Sunset Glory ~ Reddened sunset rainbows are well known - Are they?    Here we have a rarer sight, a glory glowing with soft pink hues from the high altitude sun’s setting rays.    There are hints of three rings perhaps more apparent for their monochromaticity.

This subtle sight was seen by Shelley Banks (Prairie Nature, Writing Editing Photography) on a journey from Vancouver to Regina, Canada.


All images ©Shelley Banks, shown with permission
The more usual appearance of a glory pictured again by Shelley Banks from a prop plane east of Calgary

Glories are directly opposite the sun, a diffraction pattern from scattering by small (1-50 micron diameter) cloud droplets.

The classical ray-path description at left is inadequate, indeed impossible.   A water drop cannot send rays directly backwards.  

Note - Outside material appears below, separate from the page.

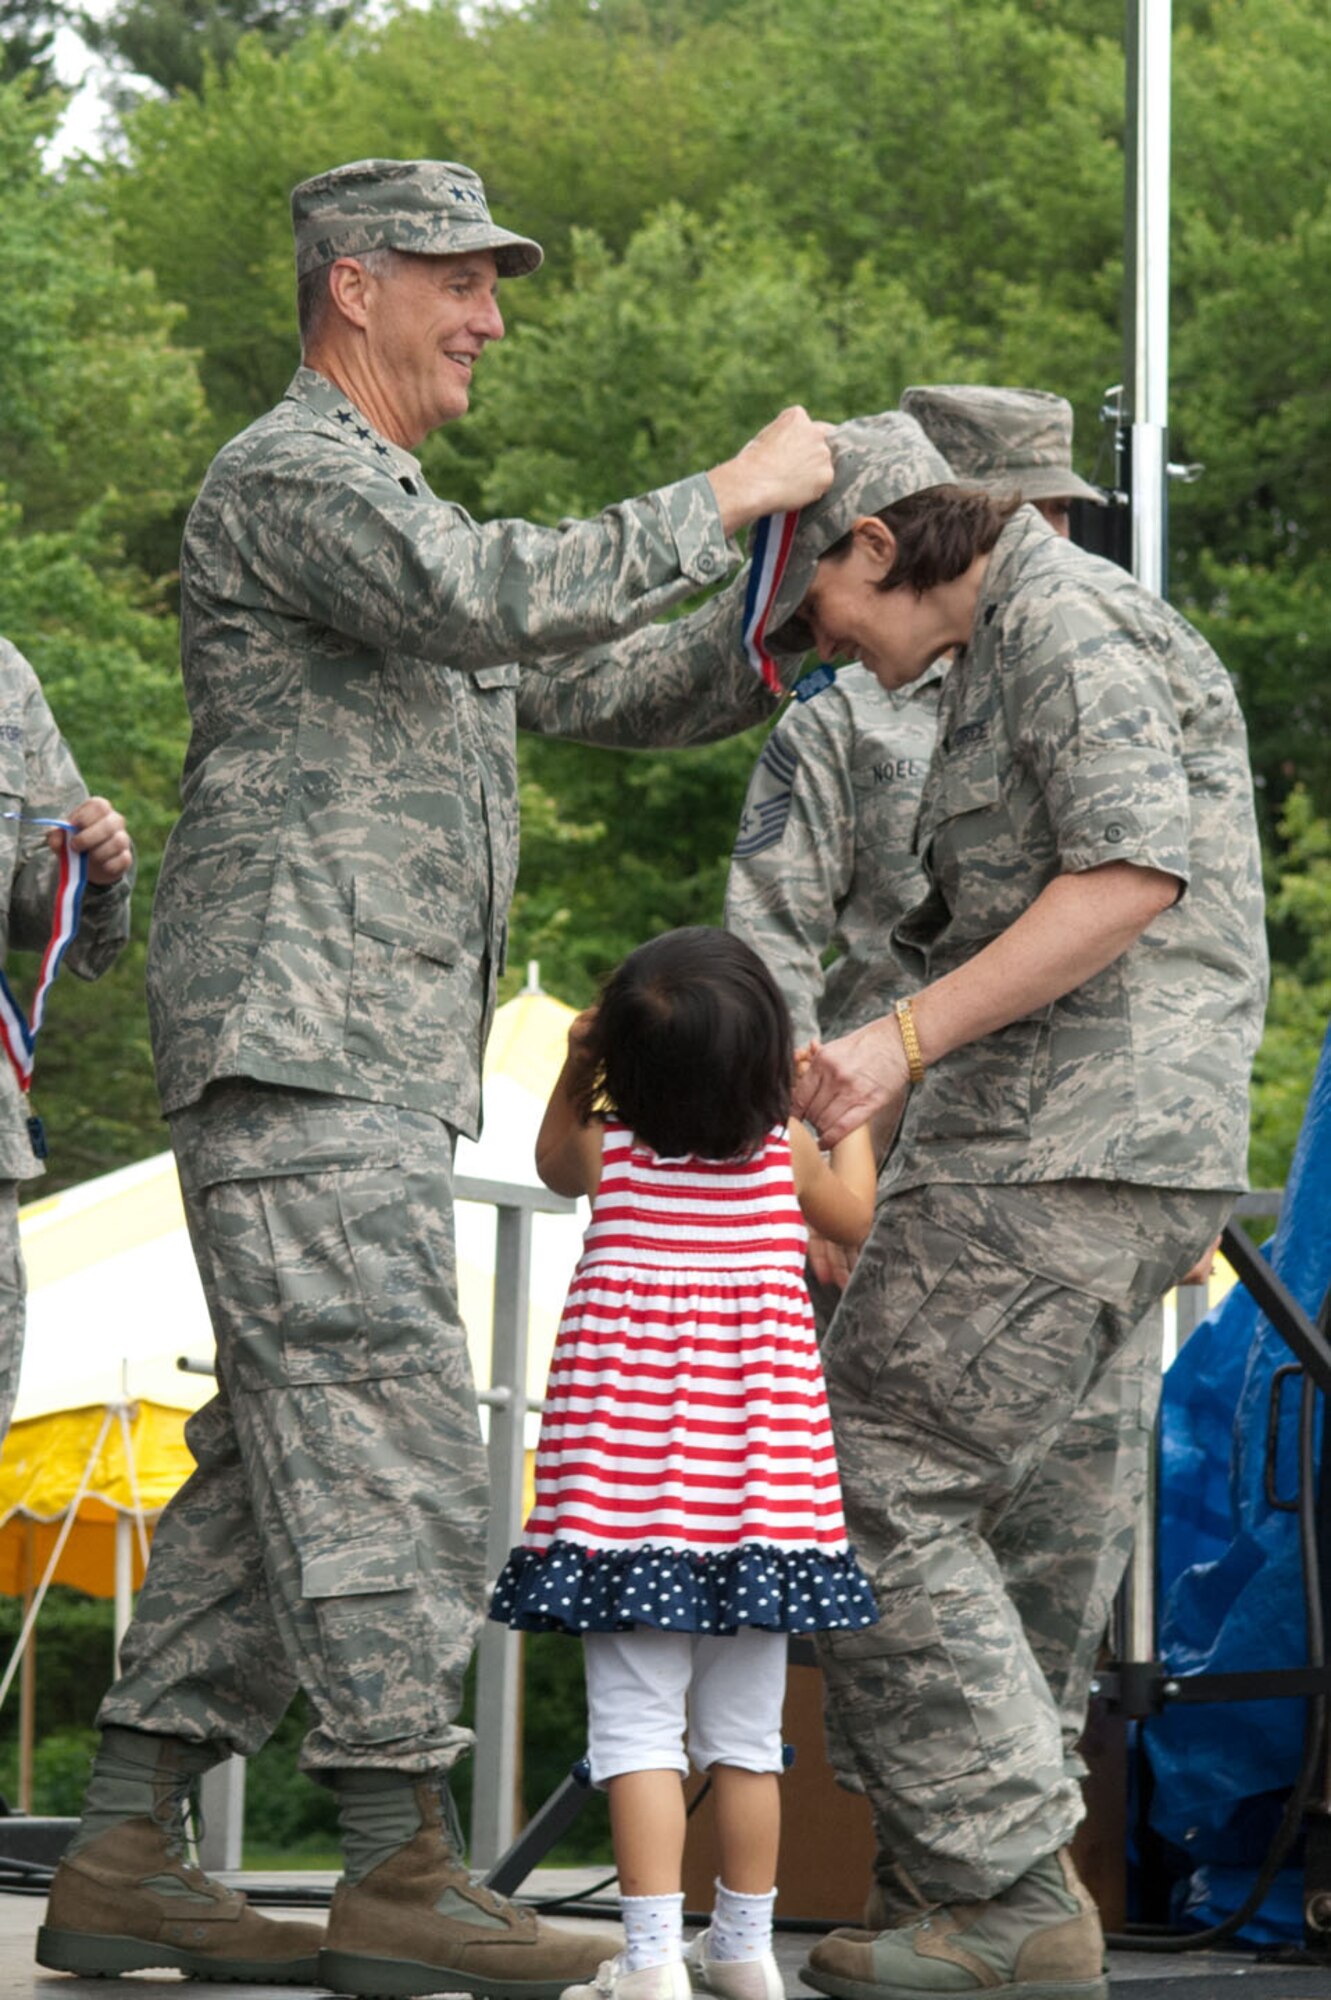 HANSCOM AIR FORCE BASE, Mass. – Lt. Gen. Ted Bowlds (left), Electronic Systems Center commander, presents a medallion to Lt. Col. Tamara Schwartz, along with her daughter, during Heroes Homecoming at Memorial Park June 24. More than 30 military men and women who have returned home from deployment within the last six months were honored during the pep rally-style event. (U.S. Air Force photo by Rick Berry)

Our macroscopic experience does not encompass the behaviour of light waves constricted in a tiny spherical cavity but our mathematics does.    Dutch physicist/chemist and Nobel prize winner Peter Debye developed a light scattering formulation that, unlike Mie theory, provides some information on the mechanism of light scattering in droplets.  

Debye theory shows that the major source of the glory's central illumination is light reflected once inside droplets. There are lesser contributions from light reflected 10, 6 and 5 times.    Surface waves also play a role.